Stored data:
- Opening Delimiter -

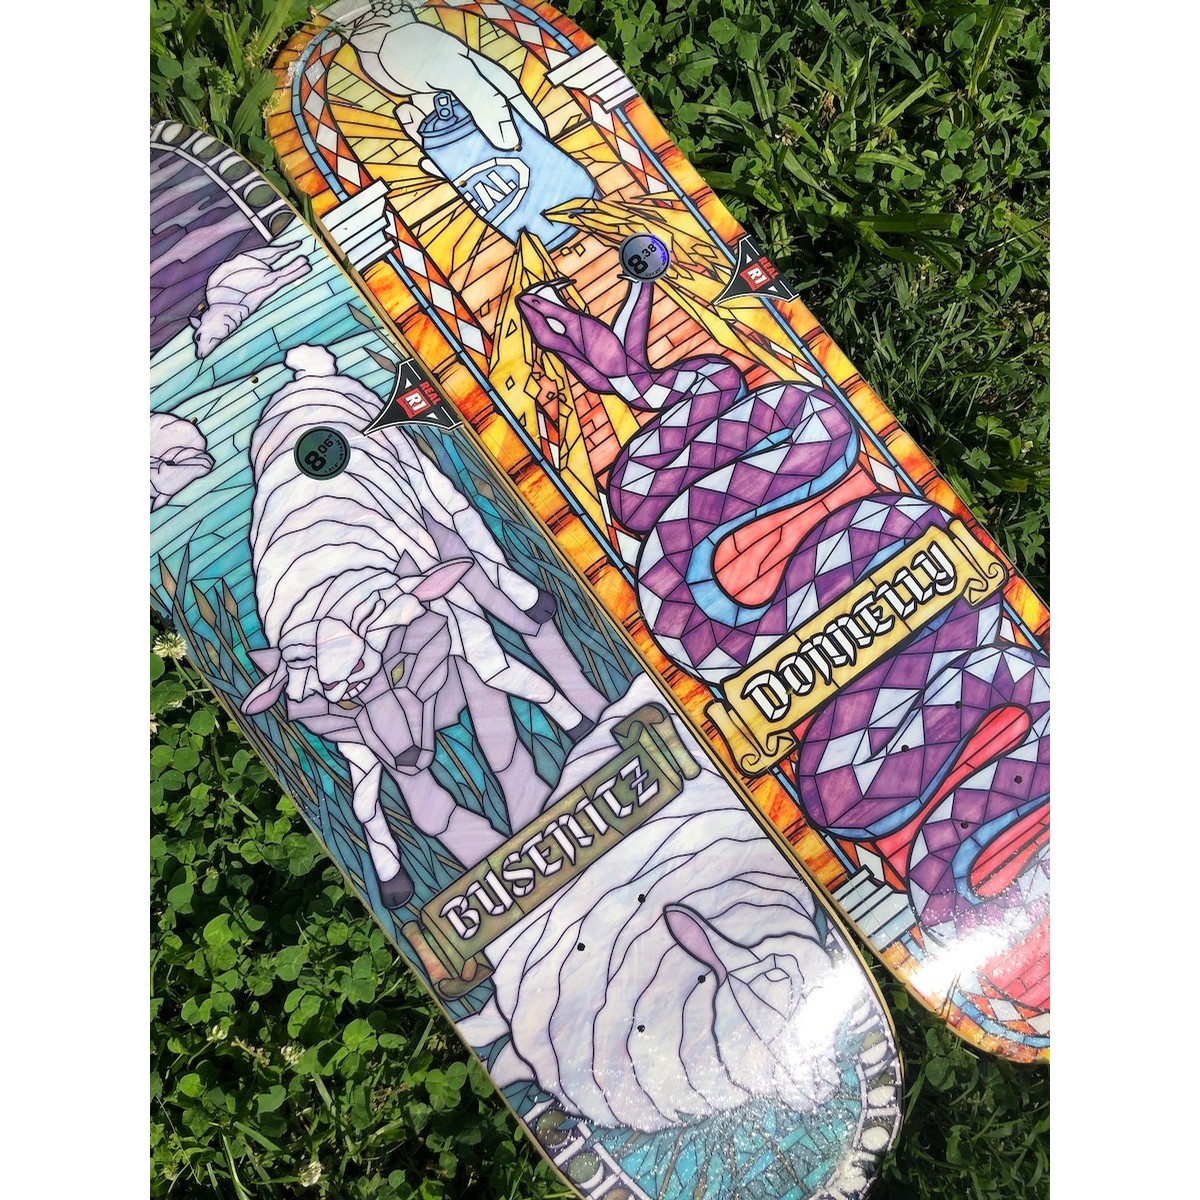 8.50/" Multi Real Zion Cathedral Skateboard Deck
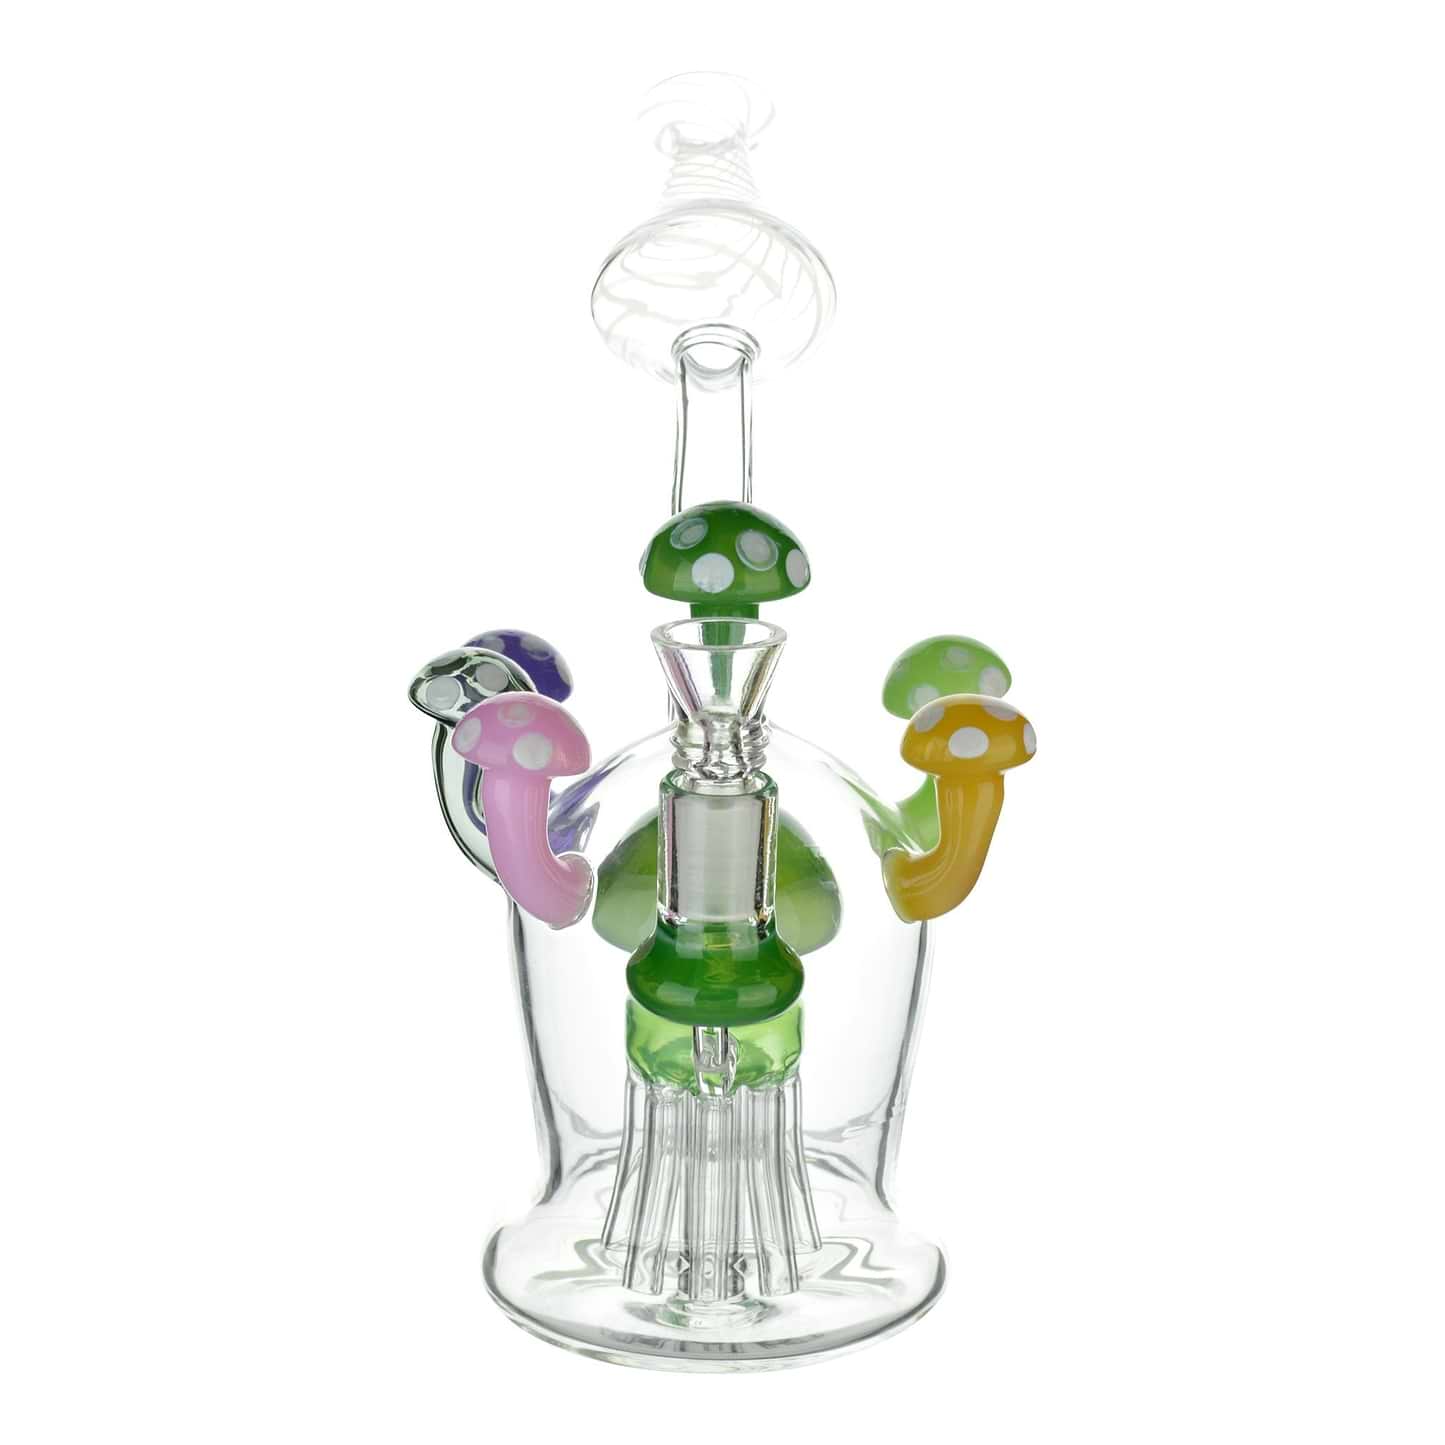 Full shot glass recycler dab rig color mushroom percs mouthpiece facing back bowl in front
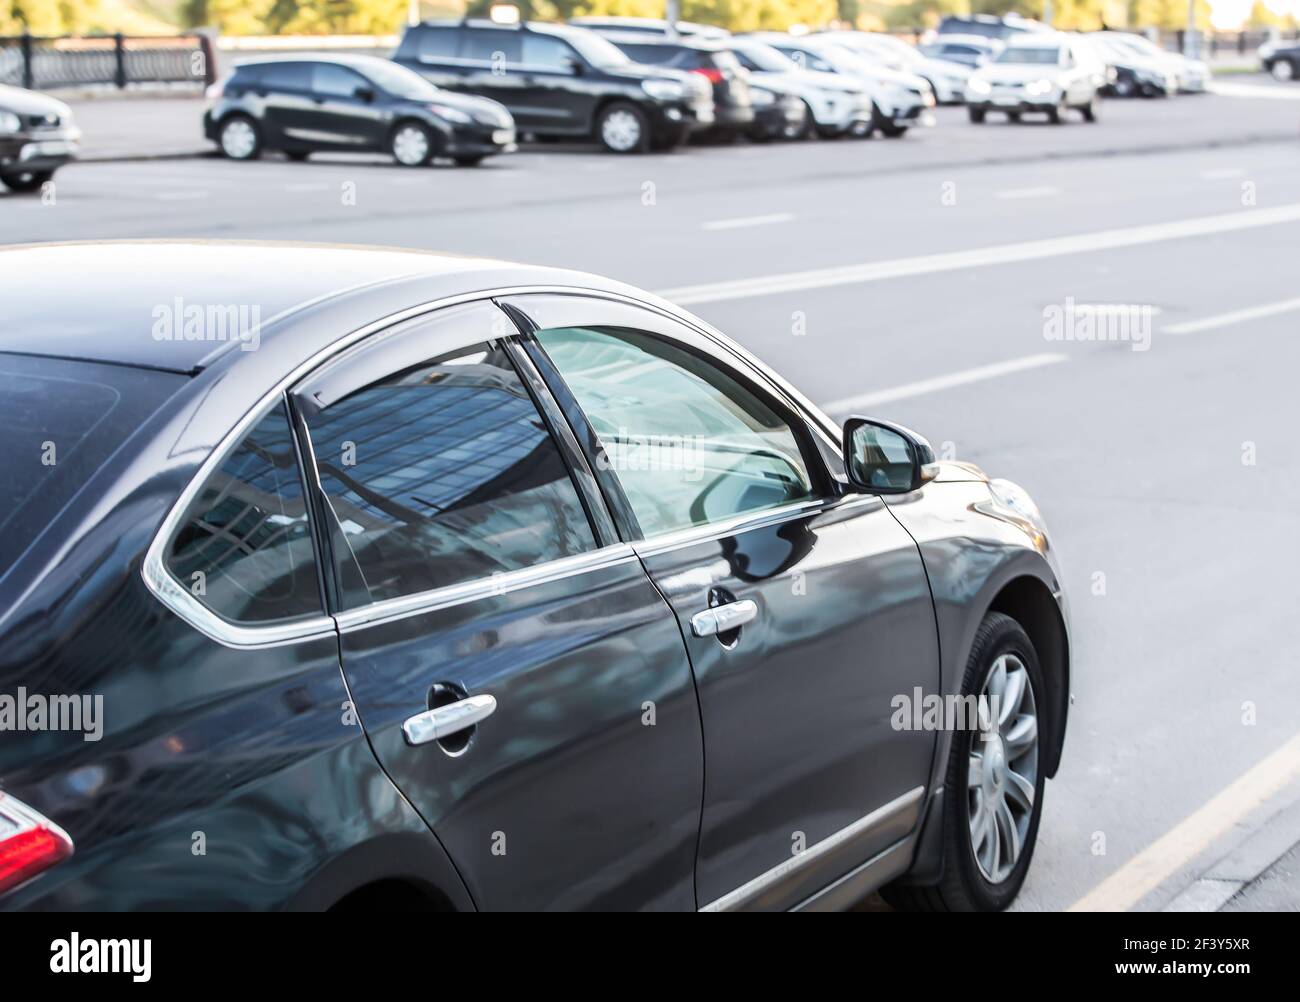 Car moves on a multi-lane road. On the opposite side of the road several cars are parked. Stock Photo
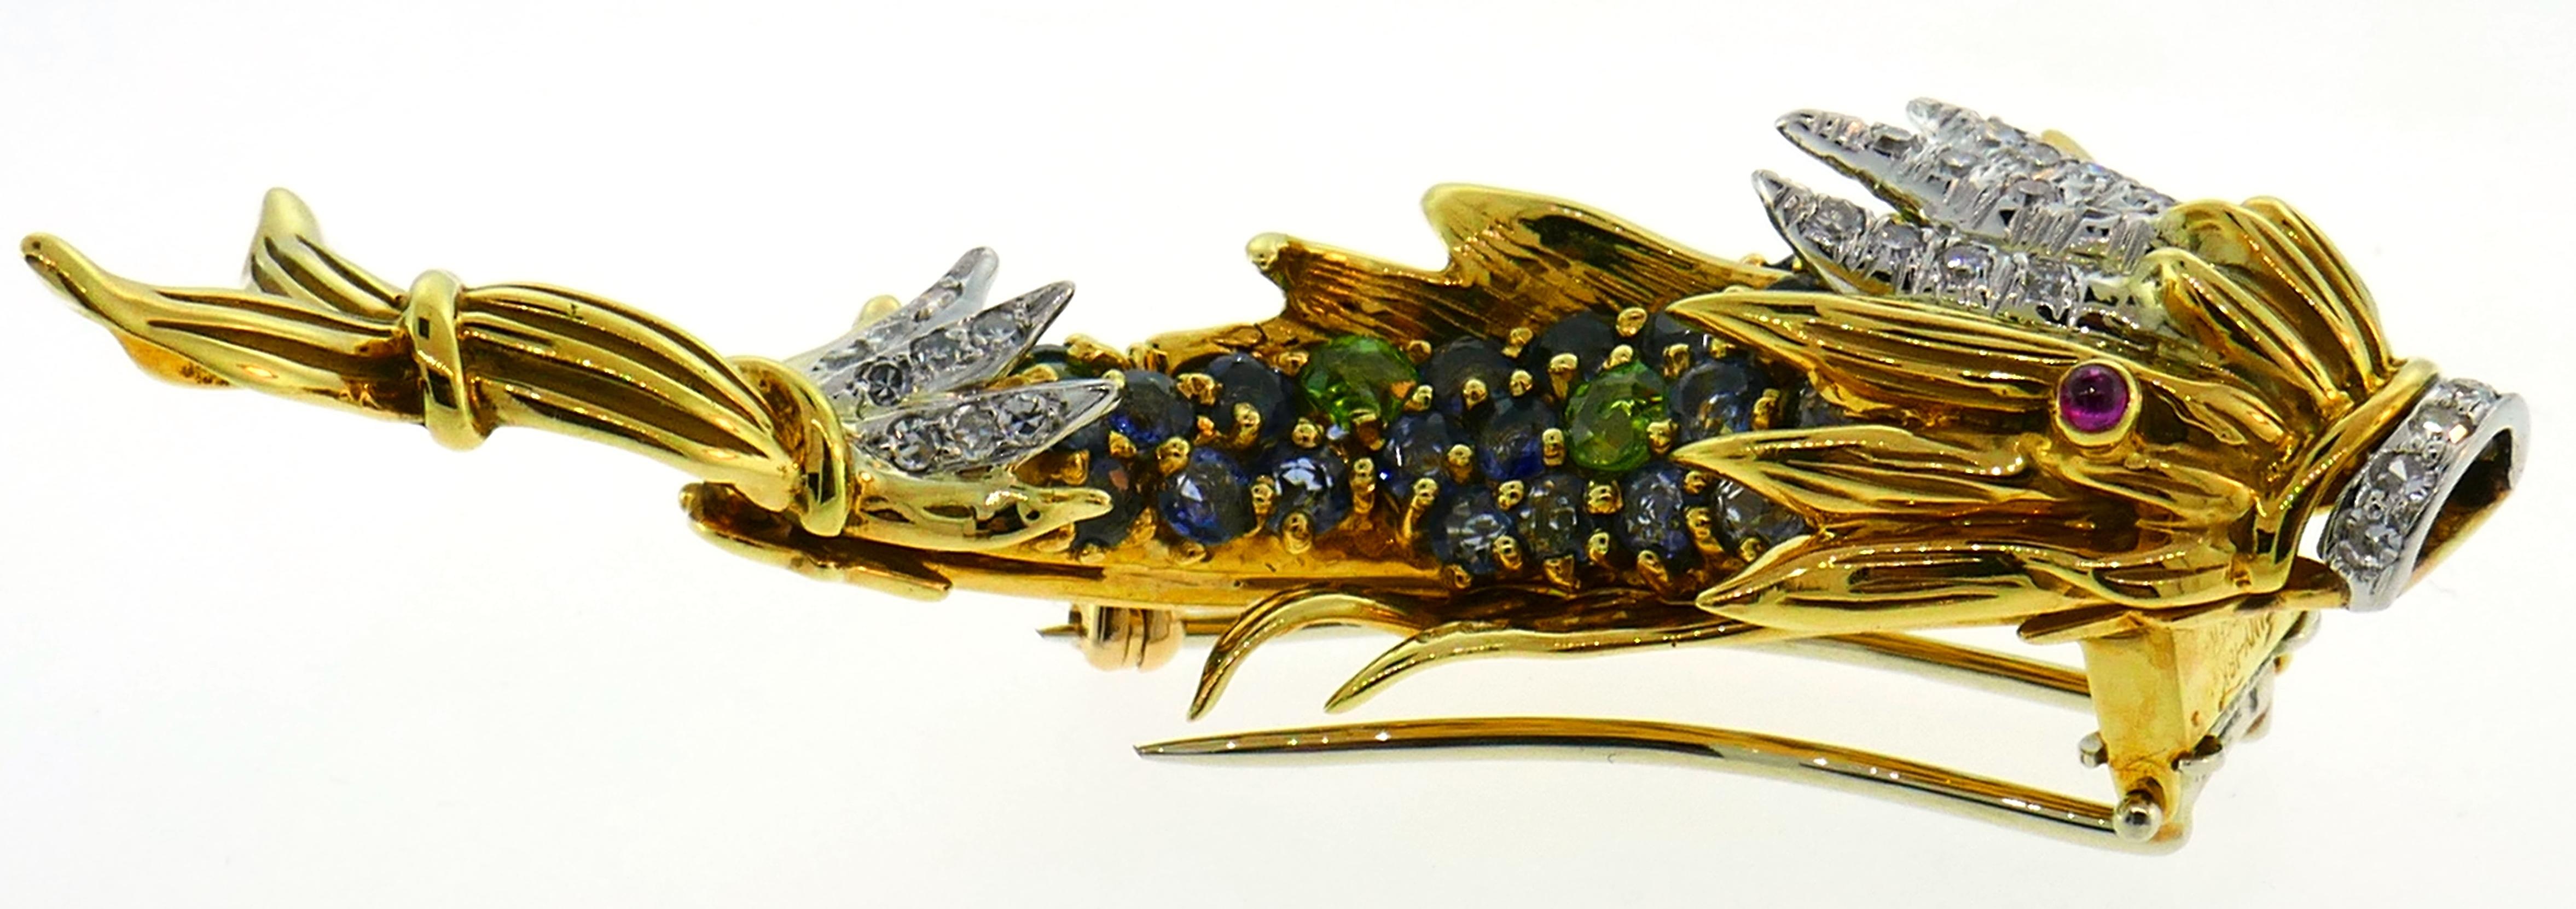 Lovely joyful clip created by Jean Schlumberger for Tiffany & Co. in the 1950s. Designed as a mystical fish, the brooch is definitely a conversational piece. Whimsical, colorful and wearable, the clip is a great addition to your jewelry collection.

- Closing Delimiter -

When you restate the listing above, give each line word for word but leave out every image.

Answer section:
 8.50/" Multi Real Zion Cathedral Skateboard Deck
 Full shot glass recycler dab rig color mushroom percs mouthpiece facing back bowl in front
 Car moves on a multi-lane road. On the opposite side of the road several cars are parked. Stock Photo
 Lovely joyful clip created by Jean Schlumberger for Tiffany & Co. in the 1950s. Designed as a mystical fish, the brooch is definitely a conversational piece. Whimsical, colorful and wearable, the clip is a great addition to your jewelry collection.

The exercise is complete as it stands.